# Silent Travel Guitars?



## ElRay (Apr 15, 2008)

I know they're out there, but annoyingly, I can't find any reviews of anything but the high-end ones. I had started down the path of getting something good, but I dawned on me this morning, that that's not the most prudent route to go. 

So, I'm seeing MiniStar, LesStar, etc.:



by Codel Enterprises in the $150 range and some sub-$100 models from Santini on eBay:


but I can't find any reviews, etc. about these.

Another decision factor is that the Codel *stars would need some kind of a headphone amp, but the "acoustic" ones have them built-in.

Ray

Edit: I forgot to thank Sebastian (Apophis) and Mike (msherman) for the effort they put into spec'ing something "good" before the reality of taking a custom-made baritone 7-string travel guitar to Afghanistan sunk in.


----------



## Zugster (Apr 15, 2008)

I have one of these, a Speedster by Traveller Guitar:





The arm rest is detachable and it comes with a small gig bag. I use a headphone amp with it. I used to use a CTech V2 Pocket Rockit, but I switched to a Pocket Pod, which sounds way better.


----------



## ElRay (Apr 15, 2008)

Zugster said:


> I have one of these, a Speedster by Traveller Guitar


I saw these, and I am tempted (there's one with a Pocket Pod on ElBay), but then I'm pushing that $300+ range, and I'm not sure I should take something like that to Afghanistan.

Ray


----------



## wes225 (Apr 15, 2008)

ElRay said:


> I saw these, and I am tempted (there's one with a Pocket Pod on ElBay), but then I'm pushing that $300+ range, and I'm not sure I should take something like that to Afghanistan.
> 
> Ray


military allows for that stuff to go wit you? wow. thats sweet. anyways


----------



## ElRay (Apr 15, 2008)

wes225 said:


> military allows for that stuff to go wit you? wow. thats sweet. anyways


You get reasonable personal "stuff". Still, I don't want to push it. Also, FOB's are noisy places, there shouldn't be any problem within the wire; outside is another issue. It wouldn't leave my "bunk" area. All the same, that's why I'm leaning towards something small, and silent.

Ray


----------



## Zugster (Apr 15, 2008)

ElRay said:


> I saw these, and I am tempted (there's one with a Pocket Pod on ElBay), but then I'm pushing that $300+ range, and I'm not sure I should take something like that to Afghanistan.
> 
> Ray


 
Wow... didn't realize you'd be taking it there. Good luck to you.
I first saw the speedster at a GC and balked at the $350 tag. Later I saw one on Craigs List and got it for 1/2 price.
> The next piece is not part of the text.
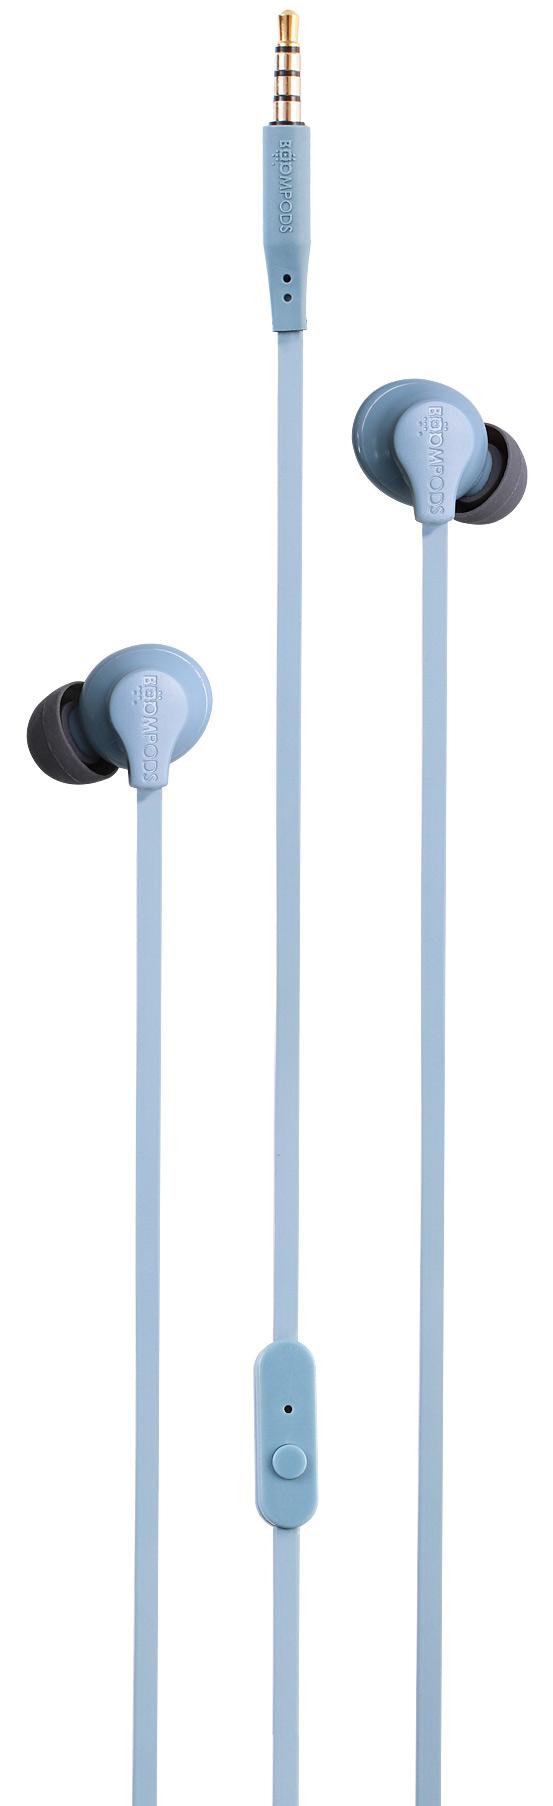 Boompods sportline plug-in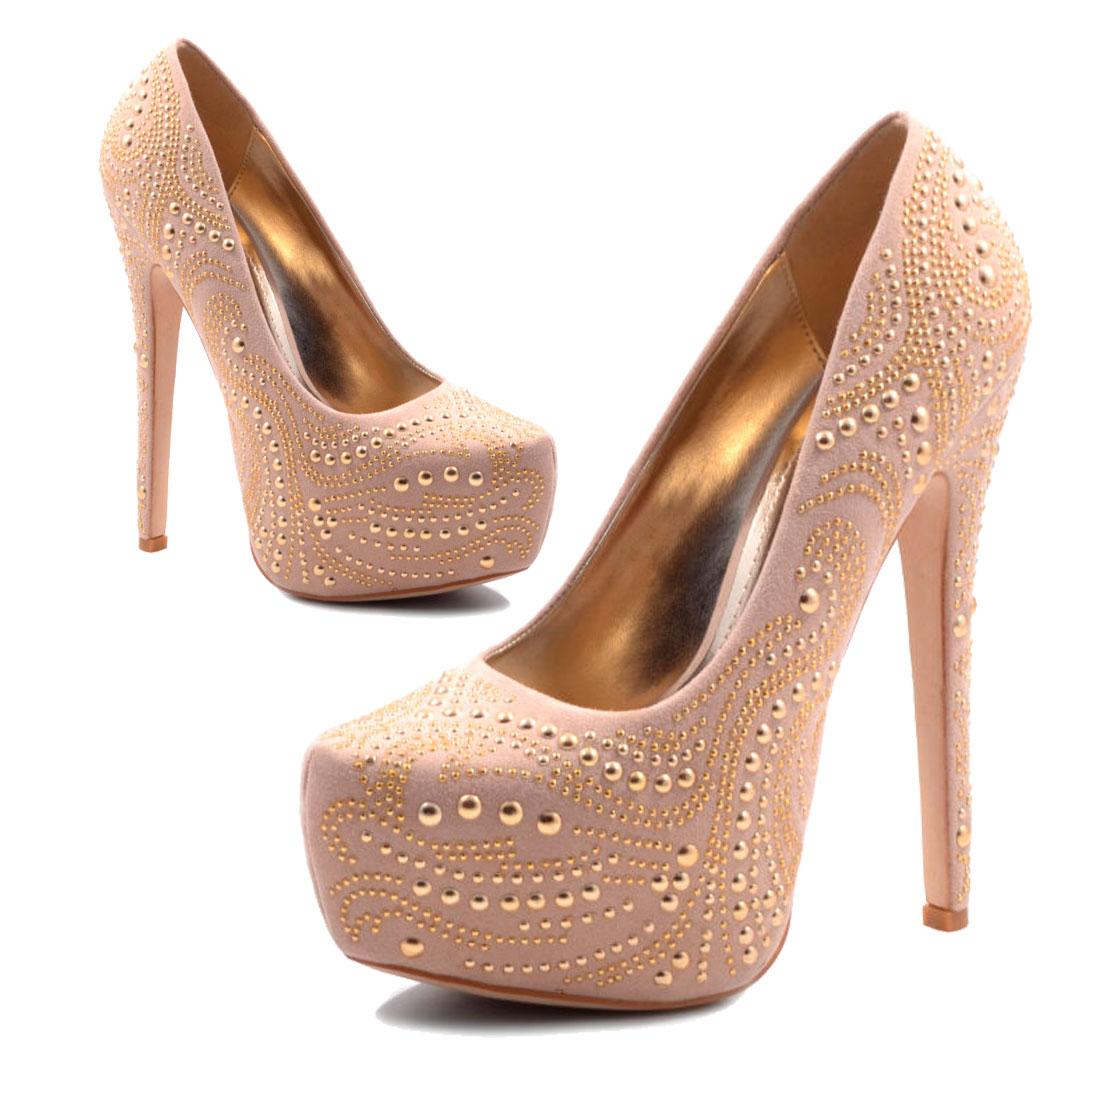 neu damen high heels party plateau pumps schuhe gr 35 36 37 38 39 40 41 ebay. Black Bedroom Furniture Sets. Home Design Ideas

Edit: One other thing about these guitars... the tuner placement makes changing strings a real pain, and they are cheap crappy Ping tuning machines. I used some of the savings to put in a 3x3 set of Schaller locking tuners. They were a drop in replacement. It makes a huge difference.


----------



## ElRay (Apr 16, 2008)

Zugster said:


> One other thing about these guitars... the tuner placement makes changing strings a real pain, and they are cheap crappy Ping tuning machines. I used some of the savings to put in a 3x3 set of Schaller locking tuners. They were a drop in replacement. It makes a huge difference.


That's another reason I'm looking at the cheaper acoustic-like one. Unless I start pushing $800+ (at that price point, I'd rather have Mike or Sebastian make me a 28-5/8" 7-string), I expect a certain level of suck. So with the sub-$100 model, I'd be more willing to replace the tuners (if needed) and upgrade to a Tusq saddle.

That said, the idea of a LesStar and a Pocket Pod is still tempting.

Ray


----------



## ElRay (Apr 25, 2008)

Hey, if anybody is following this thread, I'm about to make a purchase. As much as I'd love something like the Traveler models, I just can't taking a $300+ guitar to Afghanistan for a year (If I did, I'd have gone the Sebastian/Sherman/I-Forgot-TheIllustrated's-Real-Name route.).

I'm leaning towards the "self contained" model (the 2nd one), because all I'd need would be headphones. But, getting something like the MiniStar and a PocketPod doesn't sound too shabby either. Any thoughts?

I'm also seeing Galveston and other mini-electrics. For some reason, the MiniStar seems to be a better guitar than these off-brands. Agreed?

Ray


----------